[[ DATA EXTRACTS open ]]

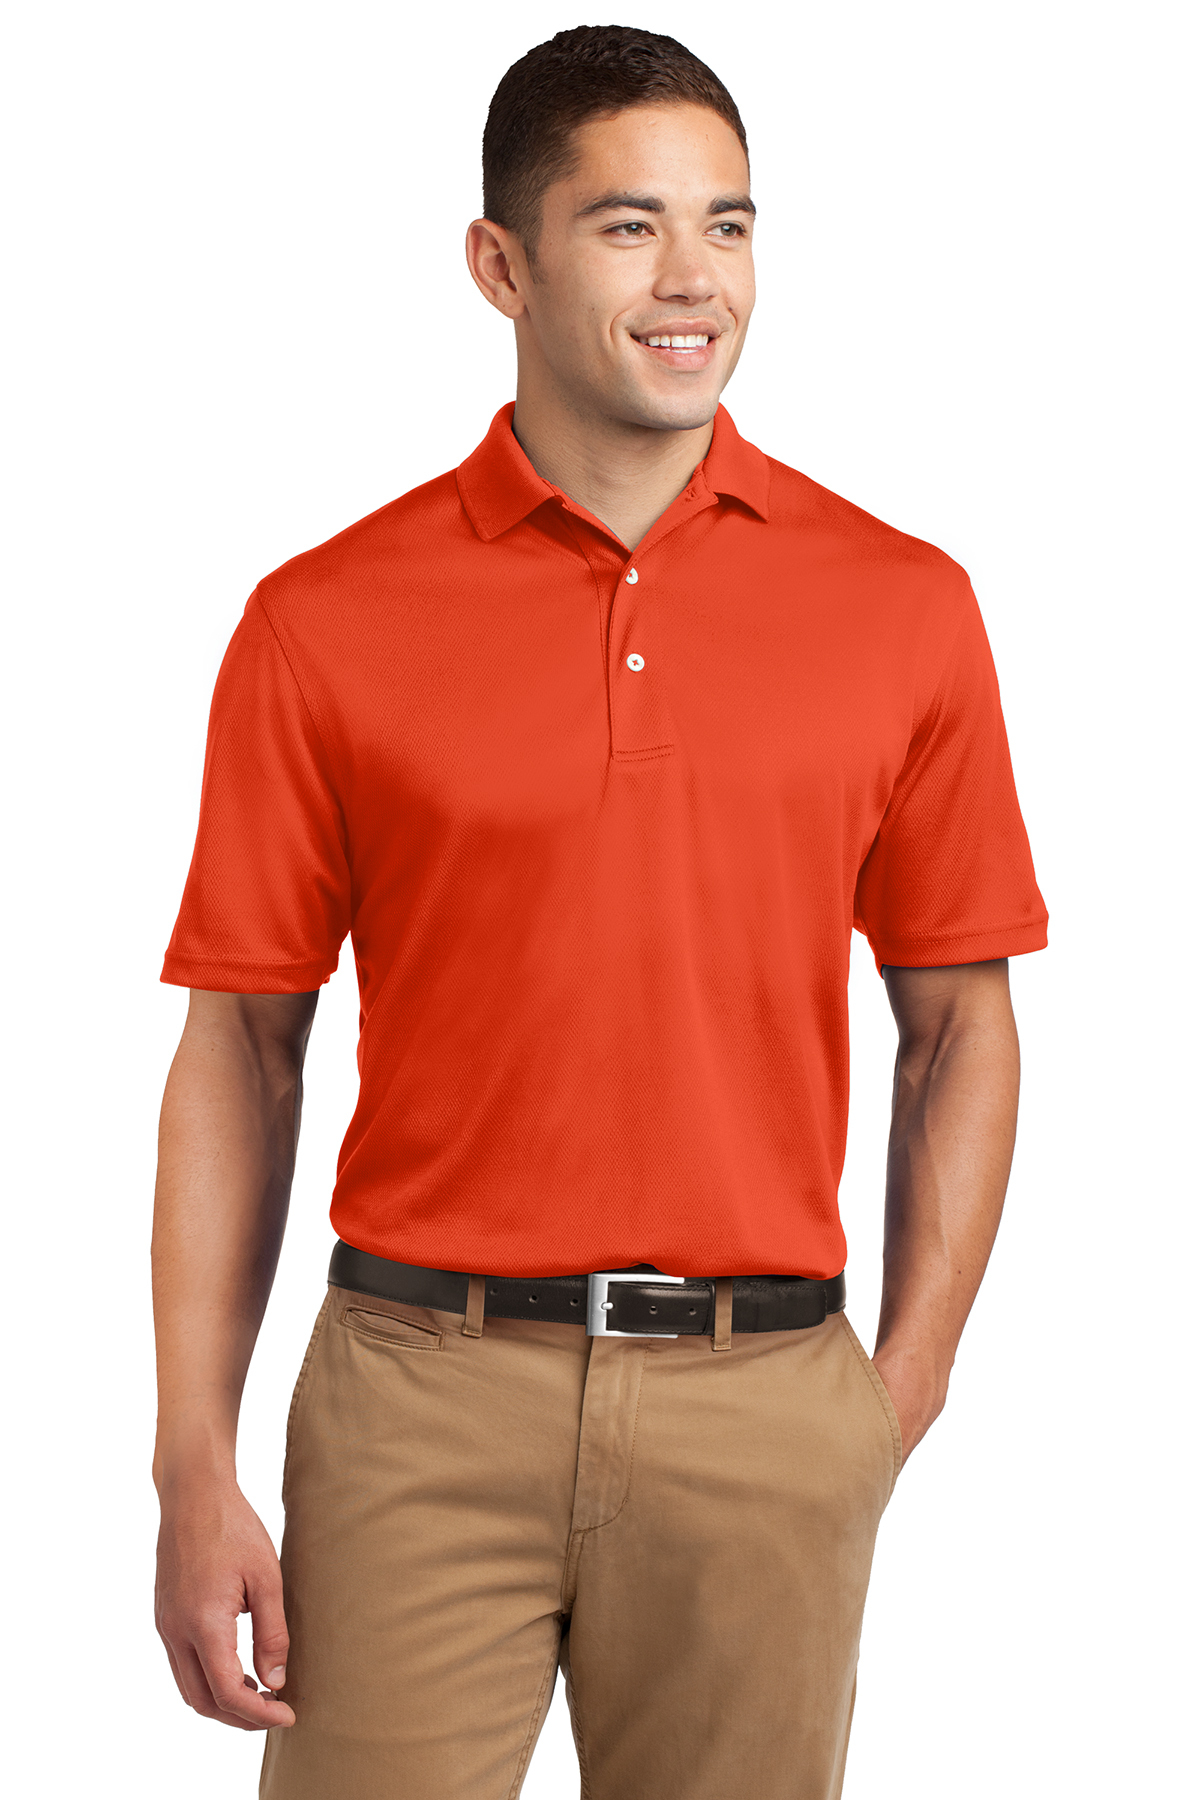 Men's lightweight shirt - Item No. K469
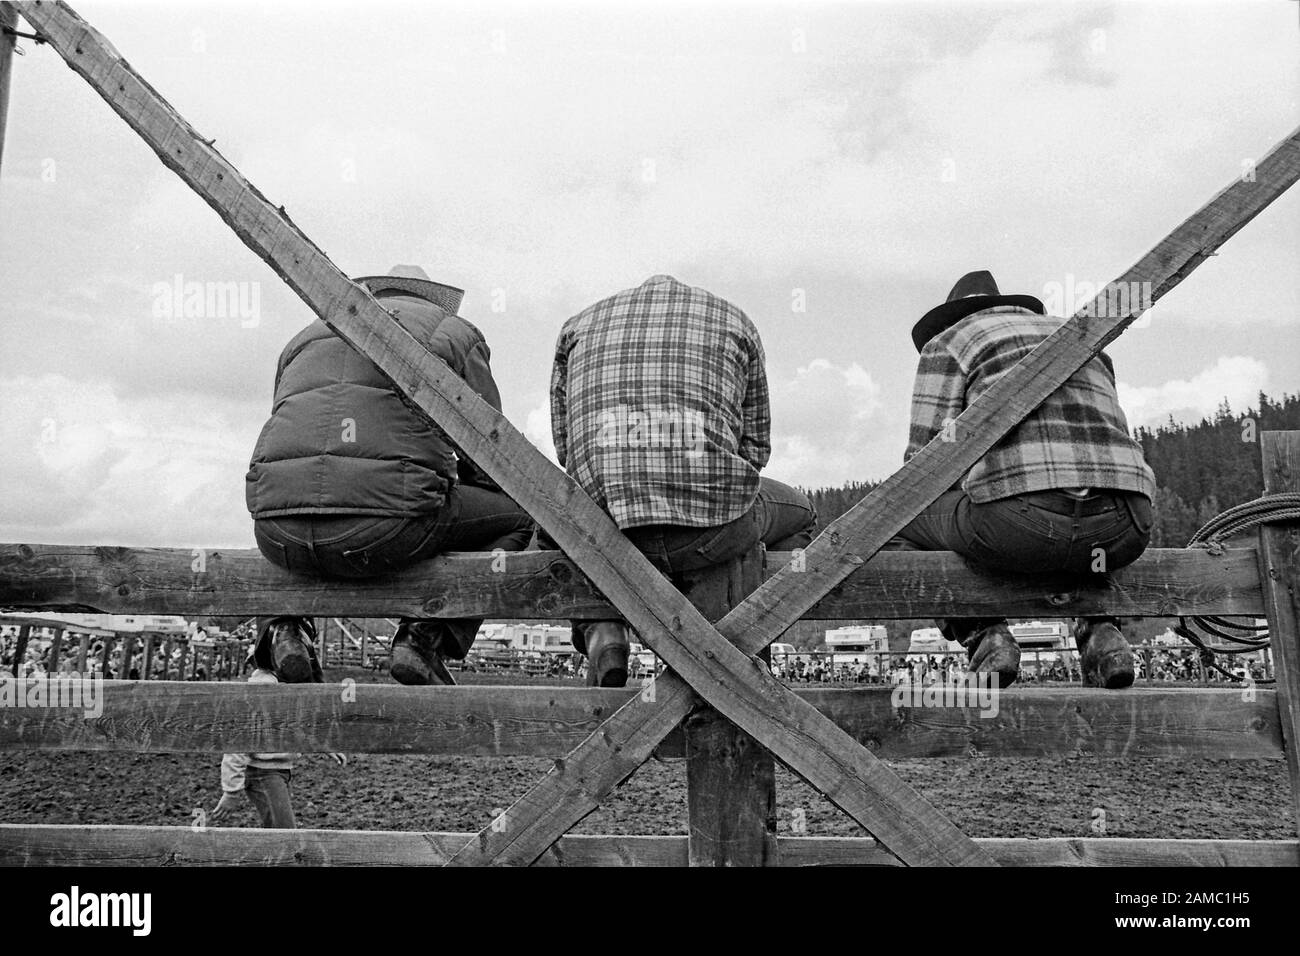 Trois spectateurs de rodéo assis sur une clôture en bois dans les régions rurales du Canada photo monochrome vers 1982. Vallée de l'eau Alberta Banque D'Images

[[ DATA EXTRACTS closed ]]
[[ DATA EXTRACTS open ]]

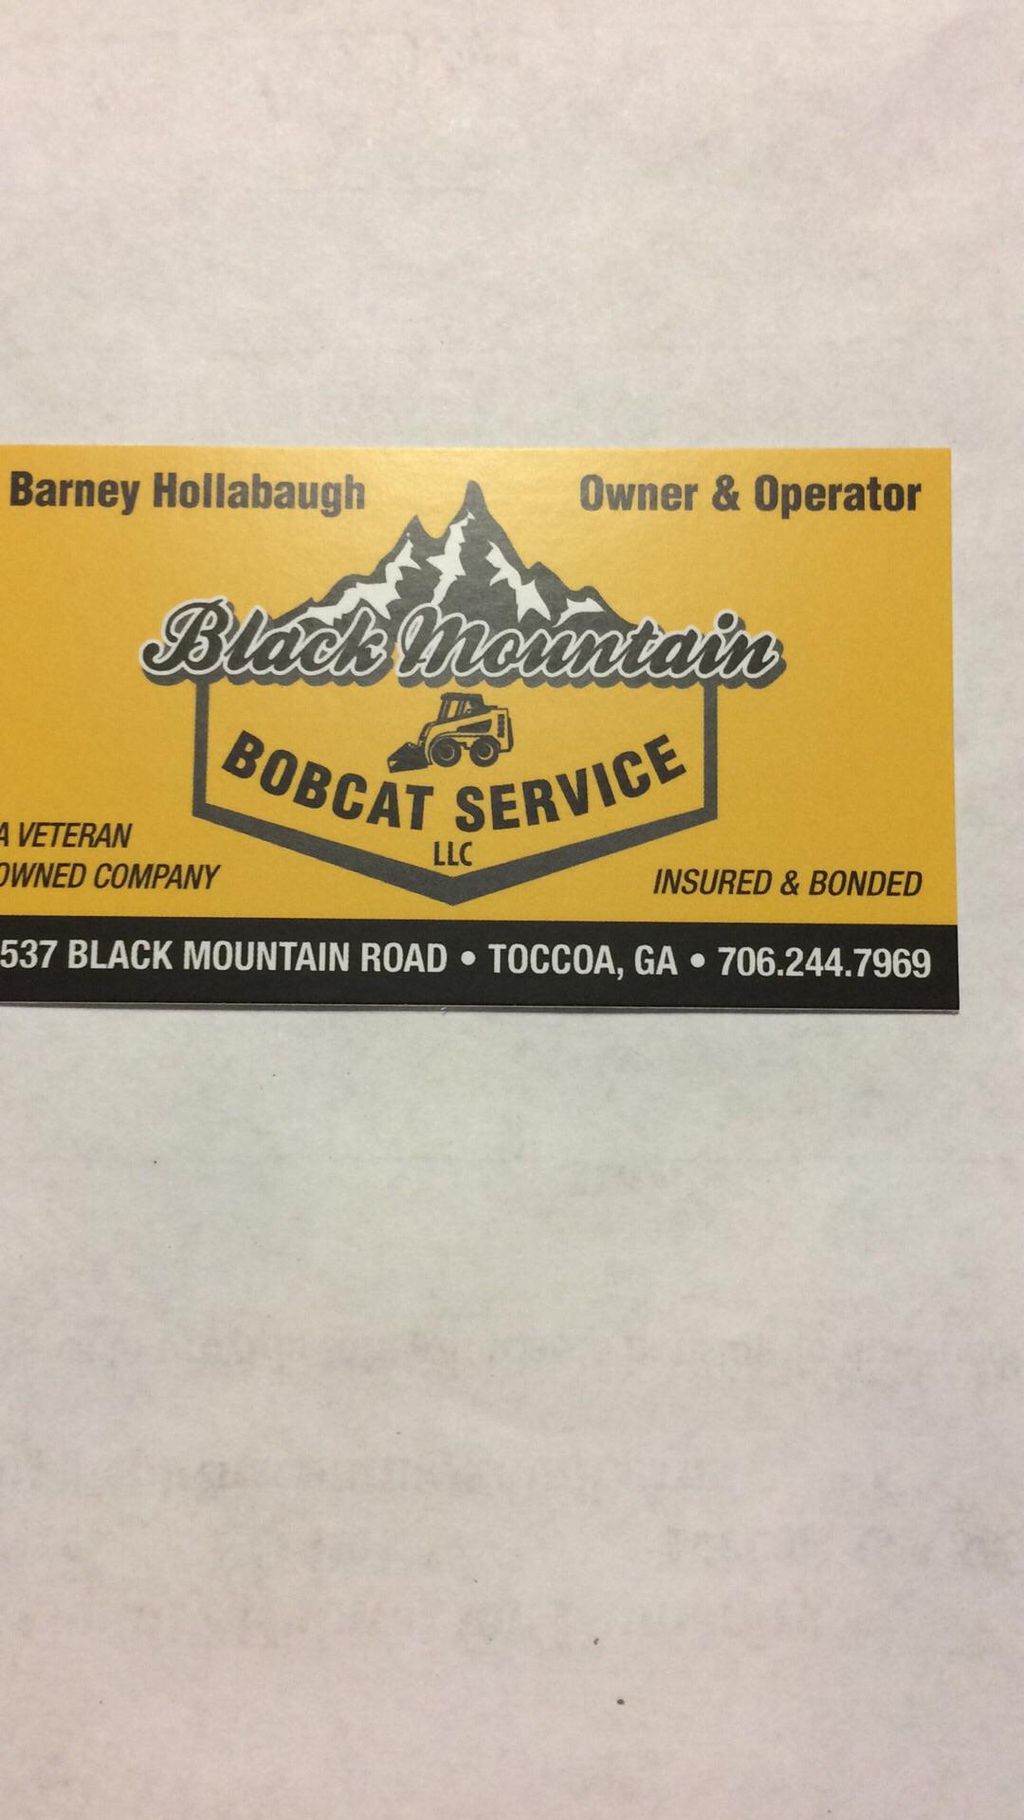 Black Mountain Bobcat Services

[[ DATA EXTRACTS closed ]]

WHAT THIS TASK INVOLVES: Using the records above, return verbatim only the part that opens with the line containing "Men's lightweight shirt - Item No. K469" and closes with the line containing "Trois spectateurs de"; pictures stay out.

OUTPUT BELOW:
 Men's lightweight shirt - Item No. K469
 Trois spectateurs de rodéo assis sur une clôture en bois dans les régions rurales du Canada photo monochrome vers 1982. Vallée de l'eau Alberta Banque D'Images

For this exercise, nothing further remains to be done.